第二に竹島に関する記述である。

 中央日報は「『竹島は日本固有の領土』強まる日本の主張…韓国政府『即刻削除を』」とする記事で詳細に論じている。

 第三に、2027年には日本の防衛予算はGDP比2%となり、その額は現在の世界第9位から3位に高まるとする点である。

 朝鮮日報は、2027年には日本が防衛費を今の2倍の10兆~11兆円に増大させ、米・中に次いで世界第3位の防衛費支出国になる、と報じた。

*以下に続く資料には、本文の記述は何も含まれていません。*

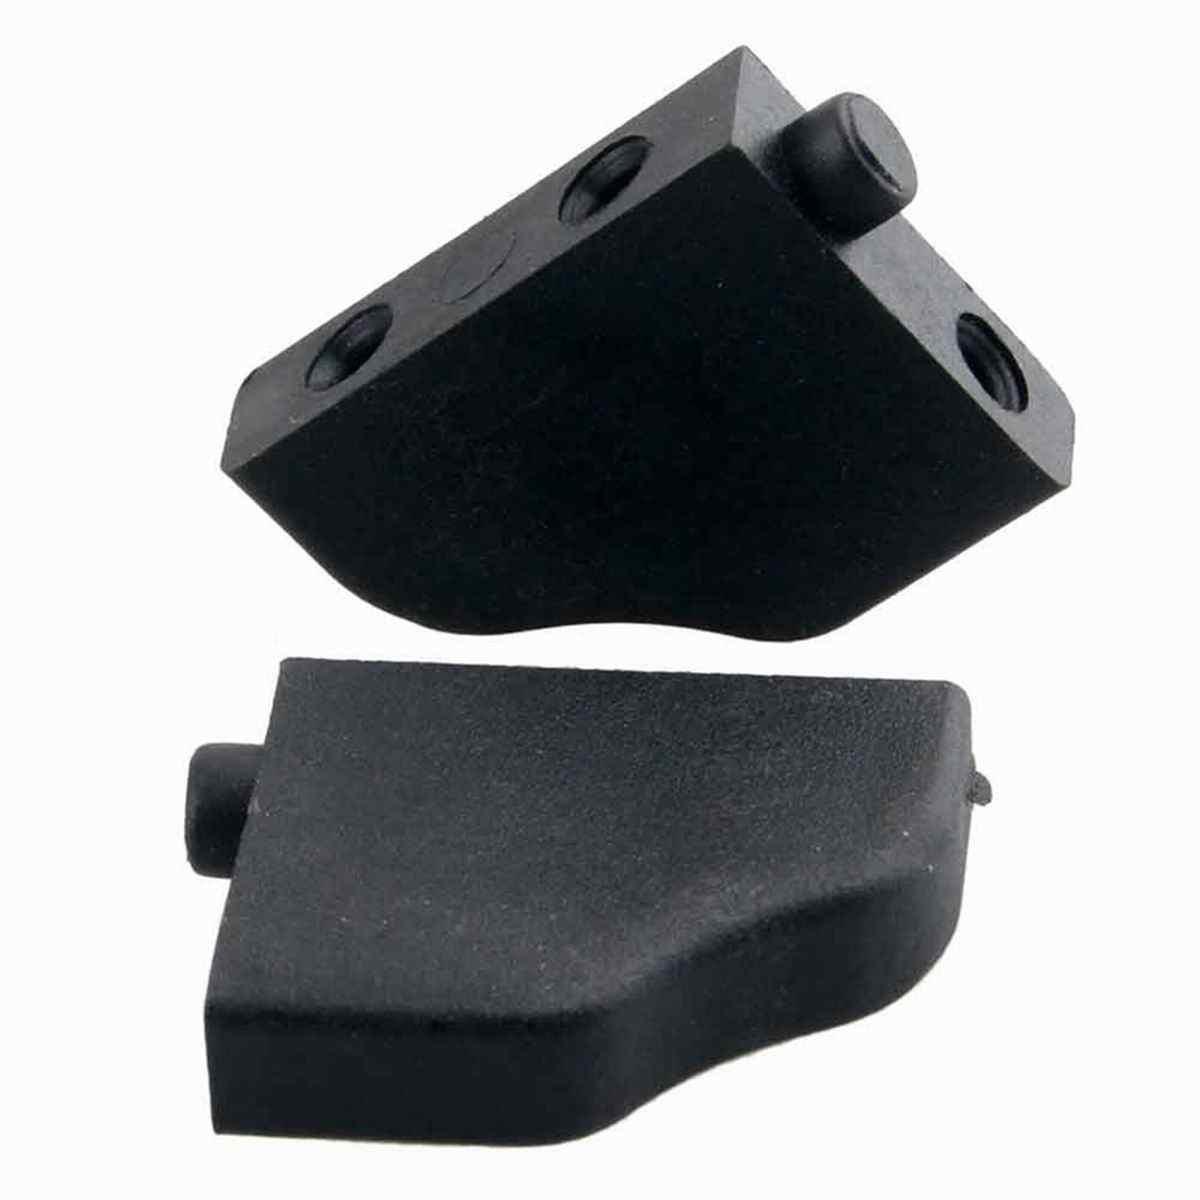 2 piezas para HSP 03013 Servo soporte de fijación servidor montaje de bandeja de Radio para 1/10 94111 94123 Flying Fish Rock piezas de coche de orugas RC

また、日本は米・英・豪の安全保障枠組み「AUKUS(オーカス)」に参加するとの見方も出ている、とも伝えている。

 さらに米国からのトマホーク購入、自国製ミサイルの射程を1000kmに延ばすと同時に敵国の軍事施設をピンポイントで攻撃するため24時間の衛星監視体制も持つことになることなど、日本の防衛力強化について伝えている。

 ただ、これらについては事実を淡々と伝えており、賛否についてのコメントはしていない。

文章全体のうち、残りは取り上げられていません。